Donors Seek Greater Involvement in Catholic Schools

Donors supporting Catholic schools have recently taken a more hands-on approach with their grantmaking, the New York Times reports.

In New York City, for example, Wall Street financier Charles B. Durkin, Jr. and a group of fellow benefactors used to visit Our Lady Queen of Angels School in East Harlem a few times a year to check on their investment — some $100,000 a year for the last fifteen years. Lately, however, Durkin has been initiating long meetings with principal Joanne Walsh and school officials and expressed interest in test scores and the progress made by students.

But while some commend the involvement of major donors with the city's Catholic schools, others express concern about donors' motives and tactics, which often favor consolidation and downsizing. "These are very strong-willed people, used to making decisions and used to having their way," said Catherine Hickey, former superintendent of the Archdiocese of New York, which is closing twenty-seven schools by the end of this academic year as a result of falling enrollments and rising deficits — a decision that was supported by donors. "At times, the decisions they wanted us to make were based on good business judgment, but not necessarily on sound educational principles."

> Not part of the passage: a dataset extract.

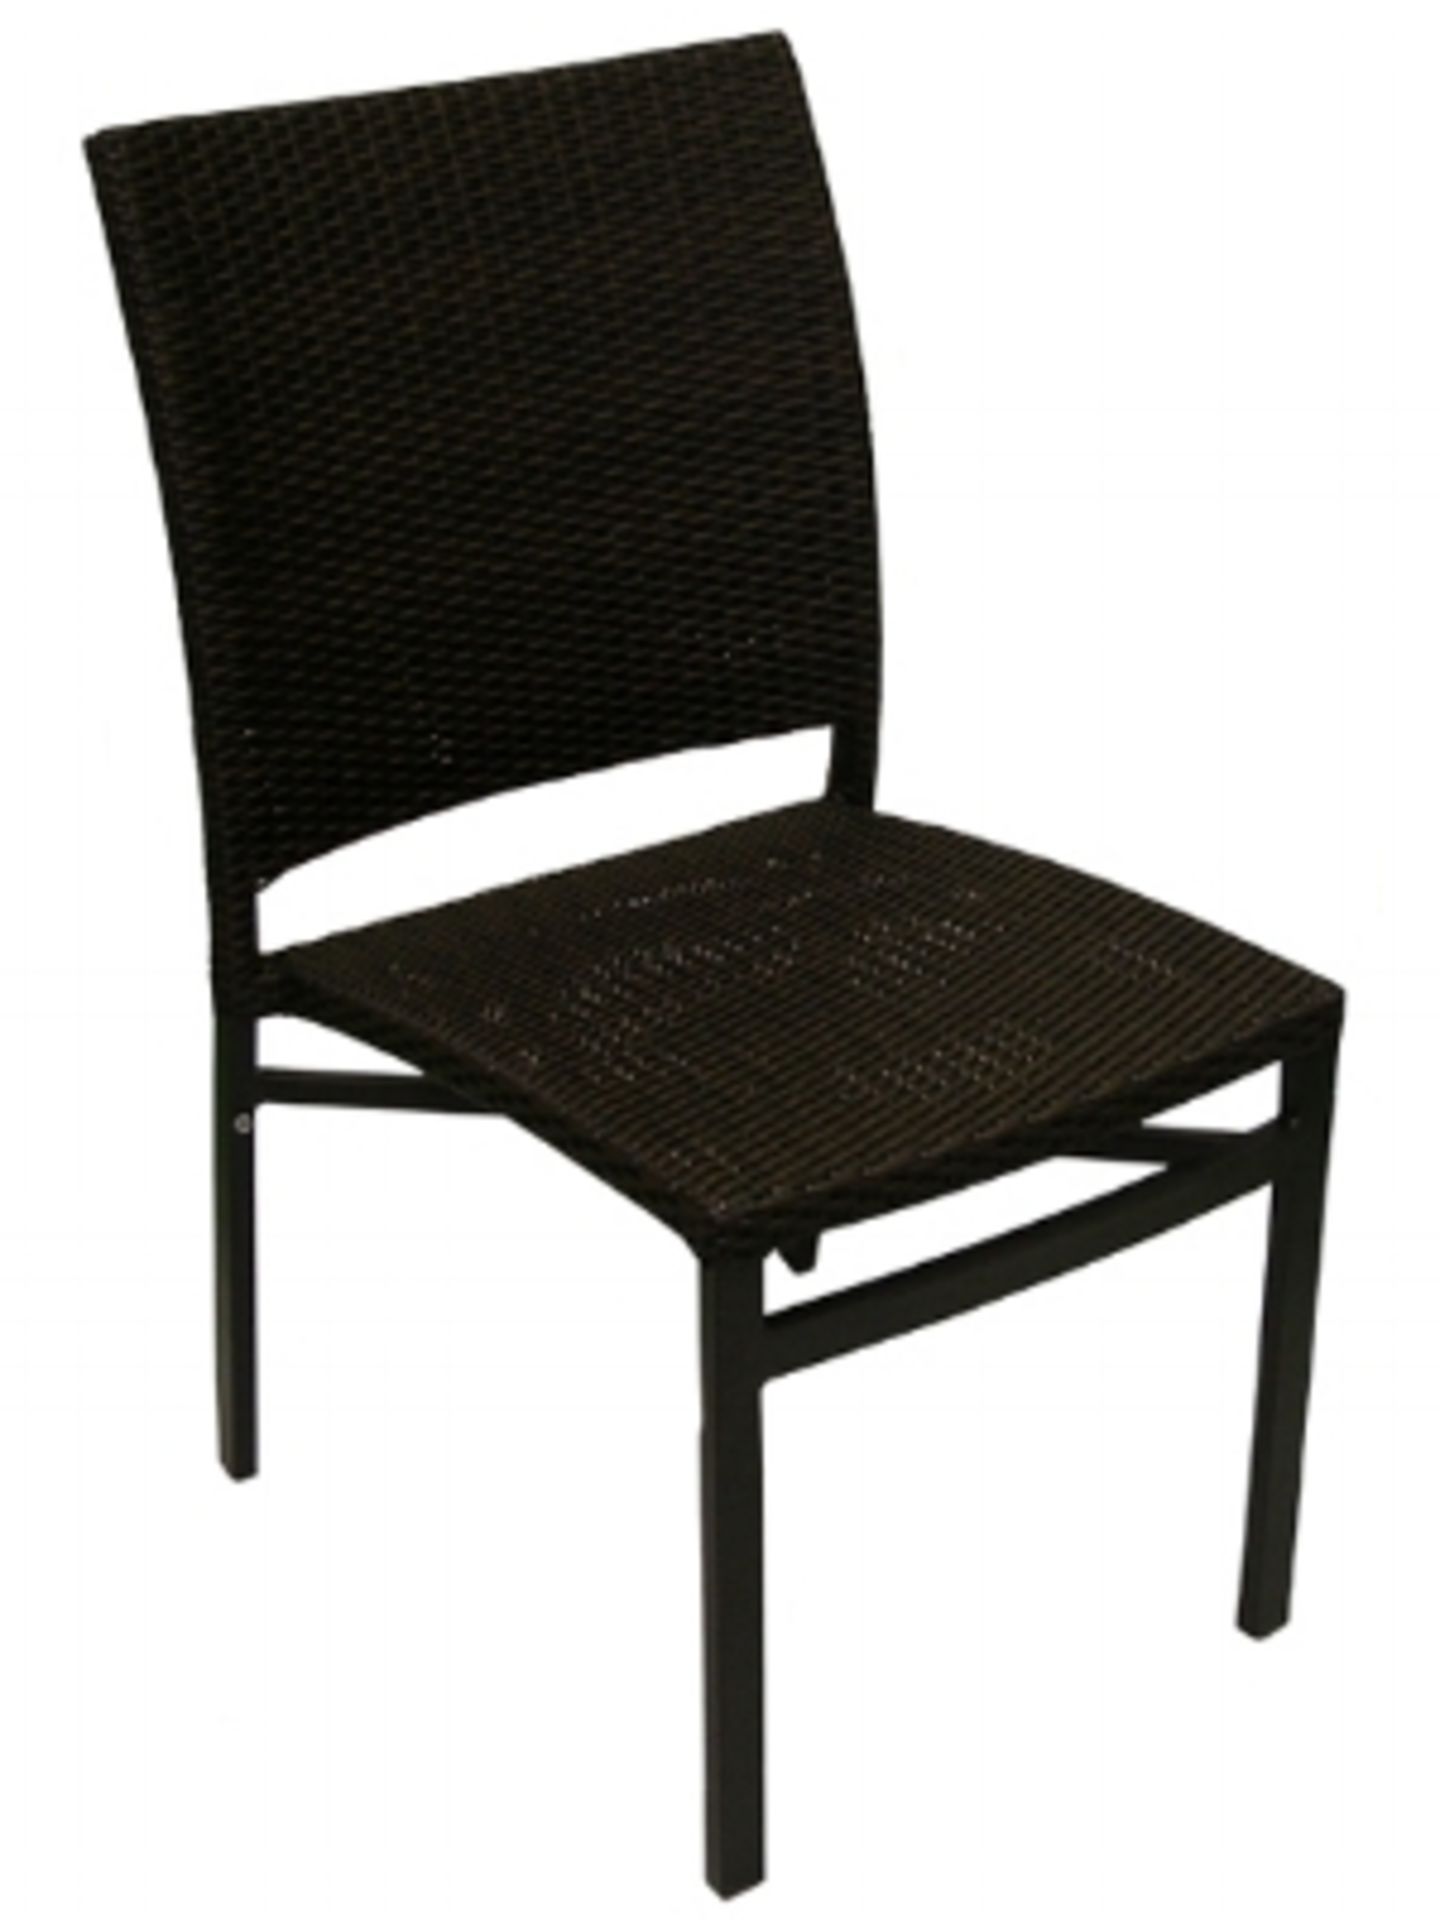 Oviedo Side Chair - Espresso. Powder coated tubular heavyweight aluminum frame with fade-resistant

In recent years, some of the tensions between donors and administrators have been defused by careful matchmaking. While most of the archdiocese's New York City schools receive scholarship money and other financing from a pool created by wealthy contributors, twenty-four of the schools participate in an adopt-a-school project designed to generate financial support for individual schools.

"The relationship between the church and its contributors used to be basically, 'Pray, pay, and obey — give us money, we'll take it from there,'" said Francis J. Butler, president of Foundations and Donors Interested in Catholic Activities, a national network of Catholic philanthropies. "But donors are much more proactive today. They are concerned about the quality of the schools, the leadership; they're drilling down into these problems."

Paul Vitello. "Donors Demand a Bigger Voice in Catholic Schools." New York Times 02/06/2011.